* Exercise data
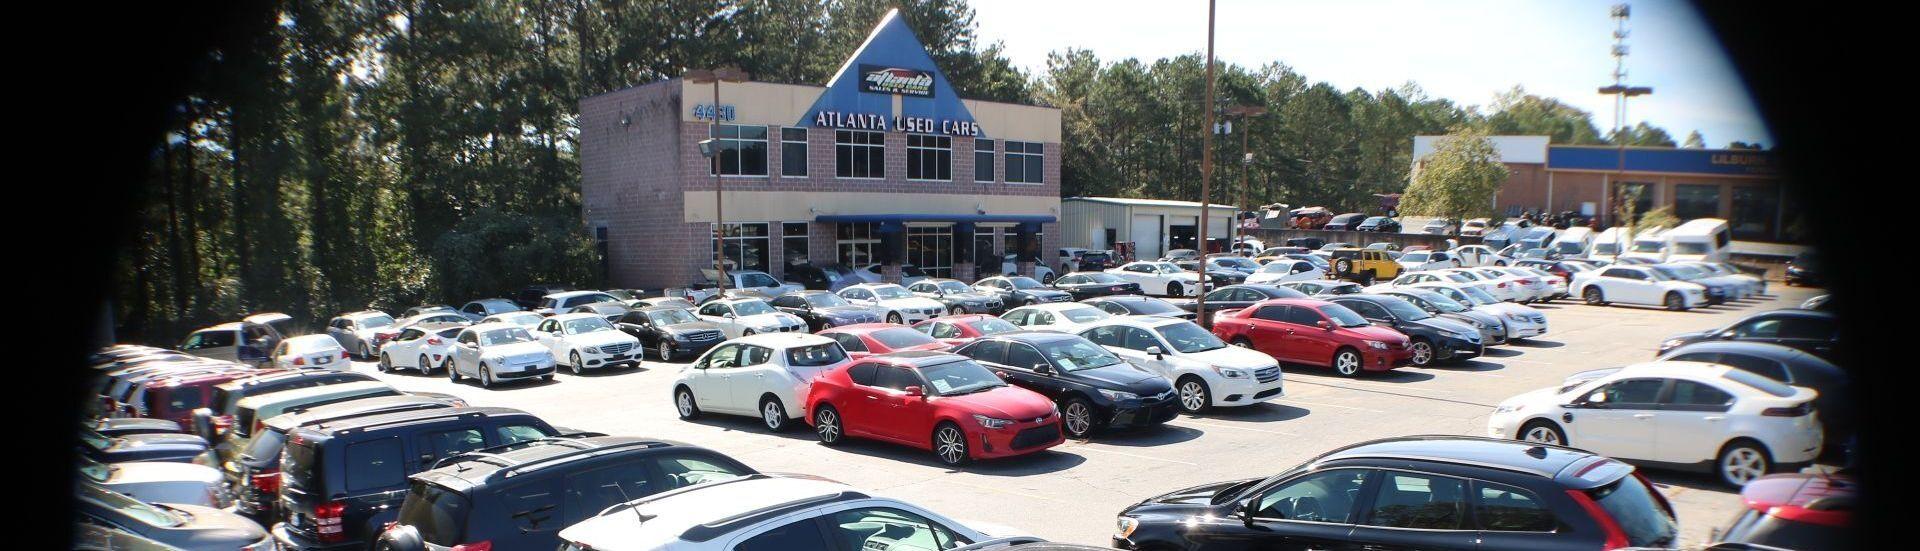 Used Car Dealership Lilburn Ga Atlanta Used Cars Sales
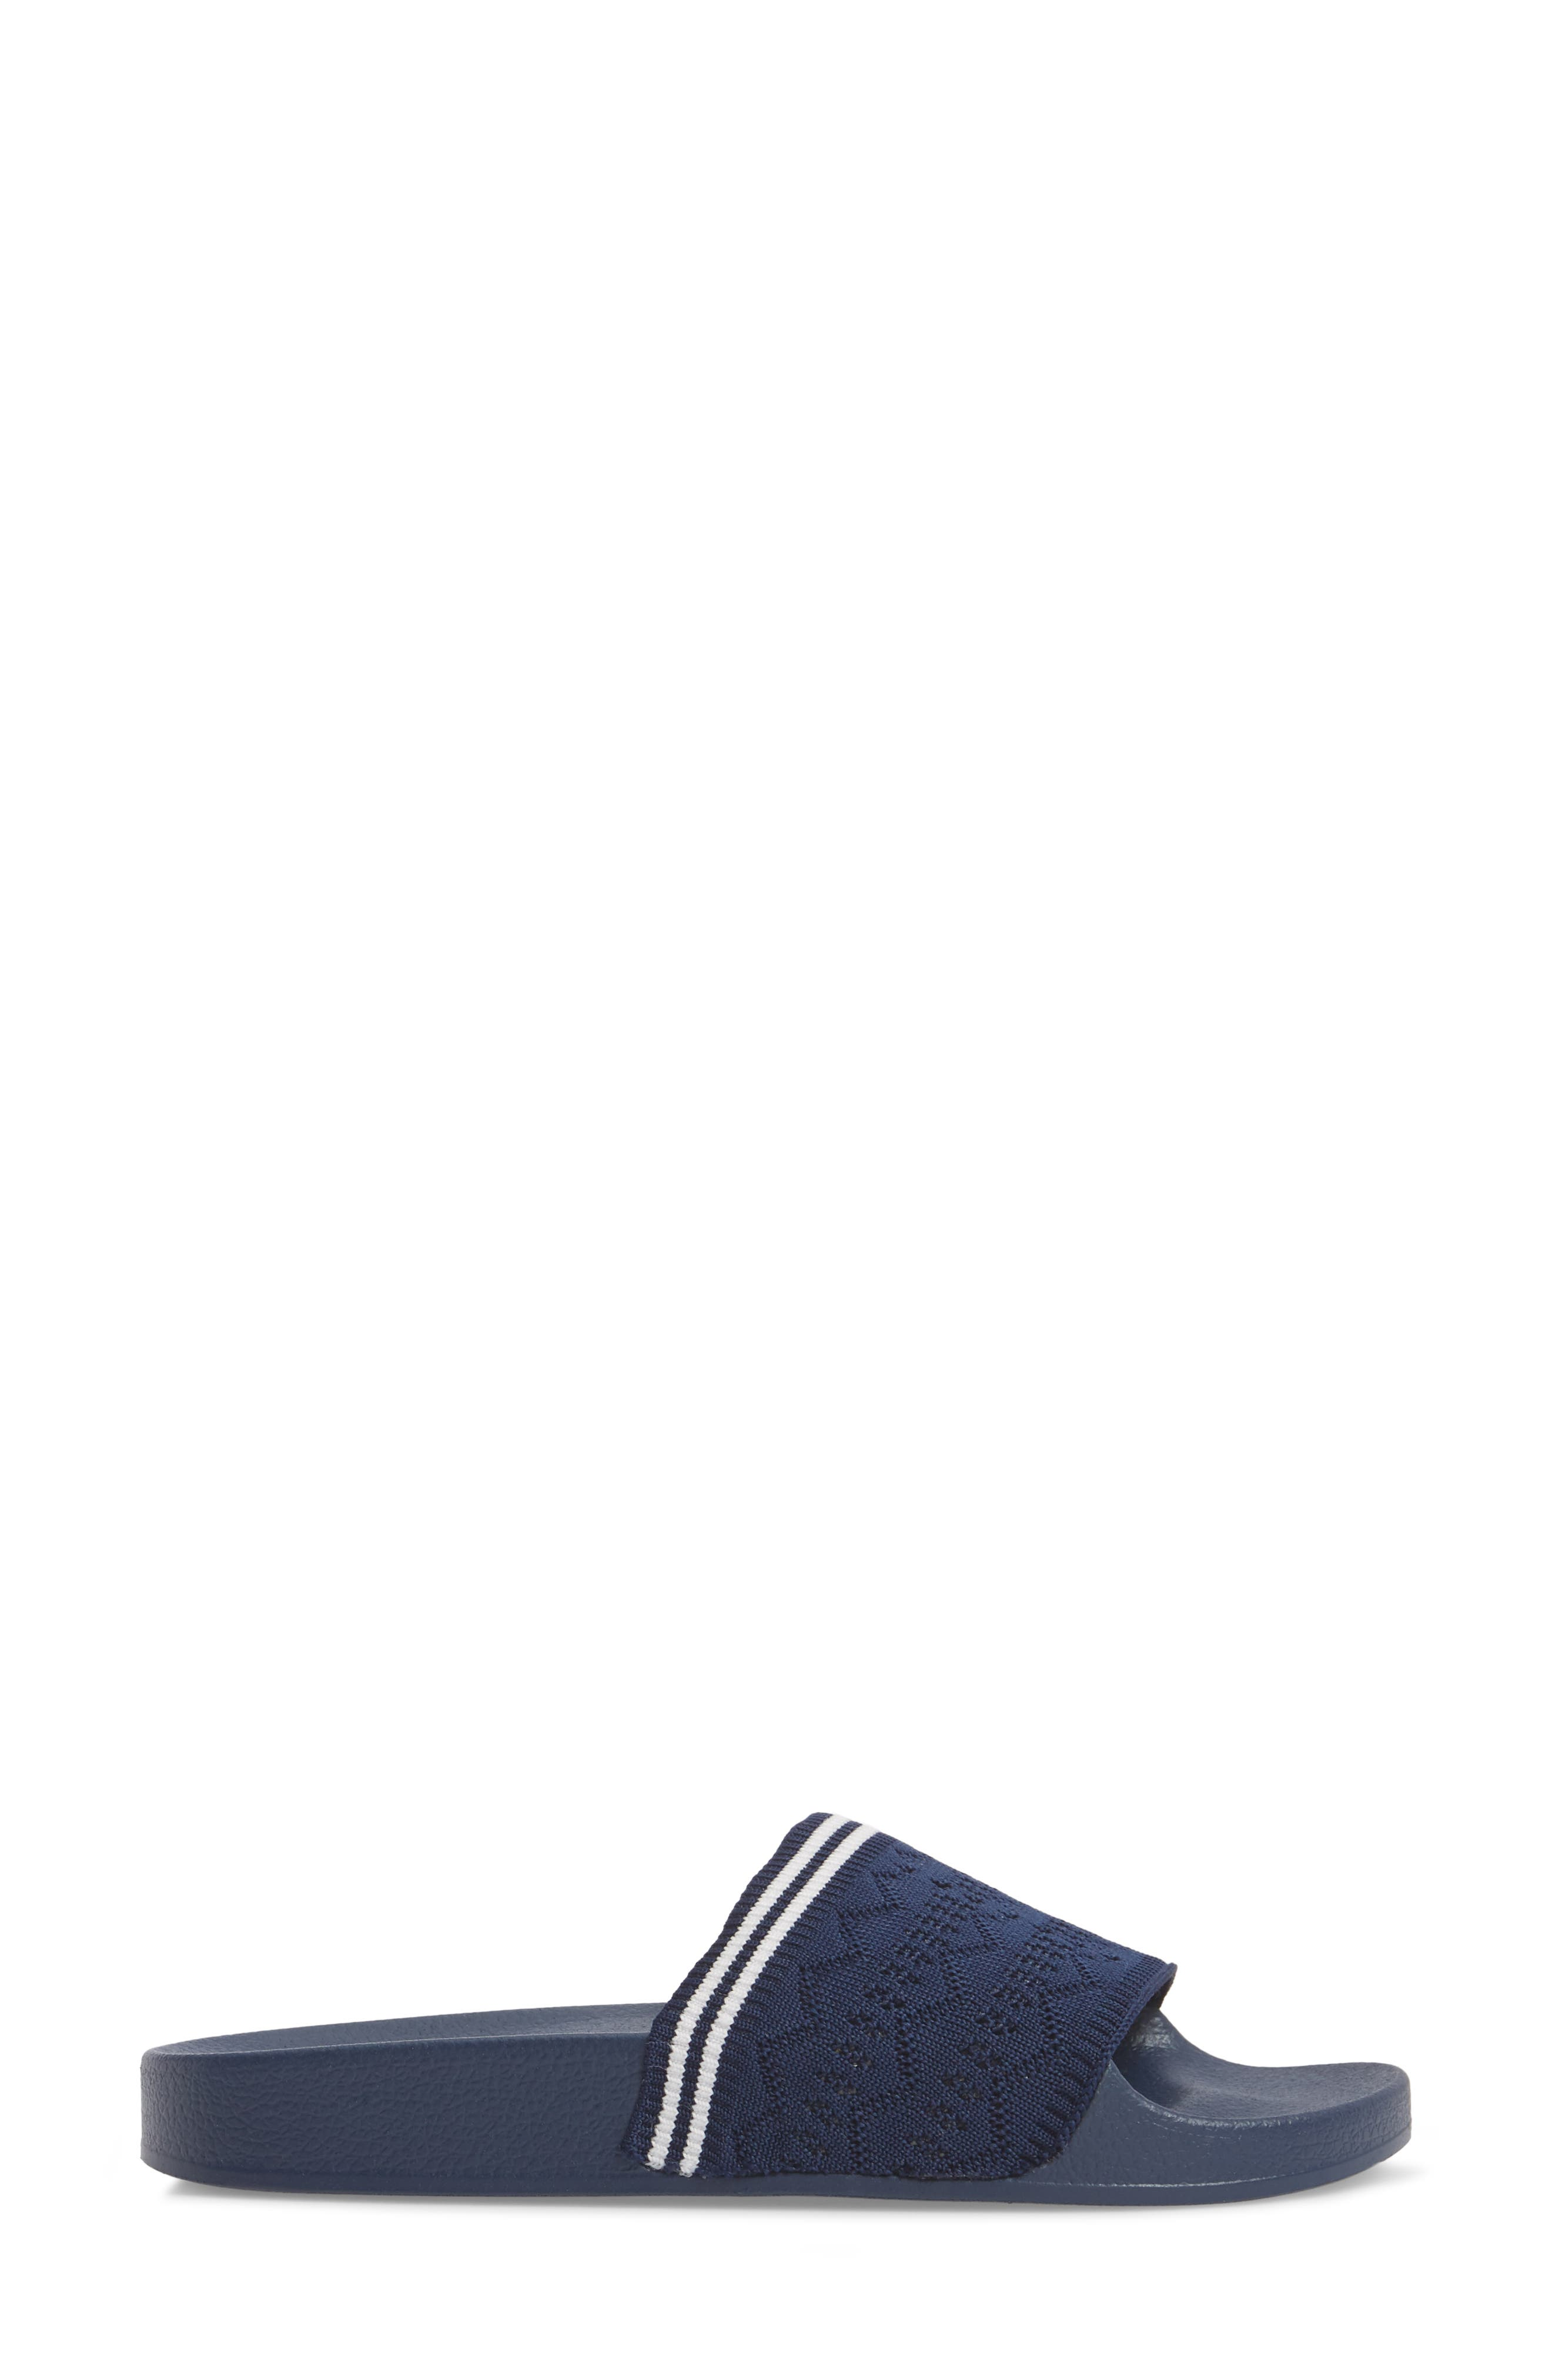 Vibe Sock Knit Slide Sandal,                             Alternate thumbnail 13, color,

--

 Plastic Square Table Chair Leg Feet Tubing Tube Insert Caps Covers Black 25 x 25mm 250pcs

* Problem to solve
Set the pictures aside and transcribe exactly the stretch of lines above, beginning with the one holding "Used Car Dealership" and ending with the one holding "Vibe Sock Knit".

* Written answer
 Used Car Dealership Lilburn Ga Atlanta Used Cars Sales
 Vibe Sock Knit Slide Sandal,                             Alternate thumbnail 13, color,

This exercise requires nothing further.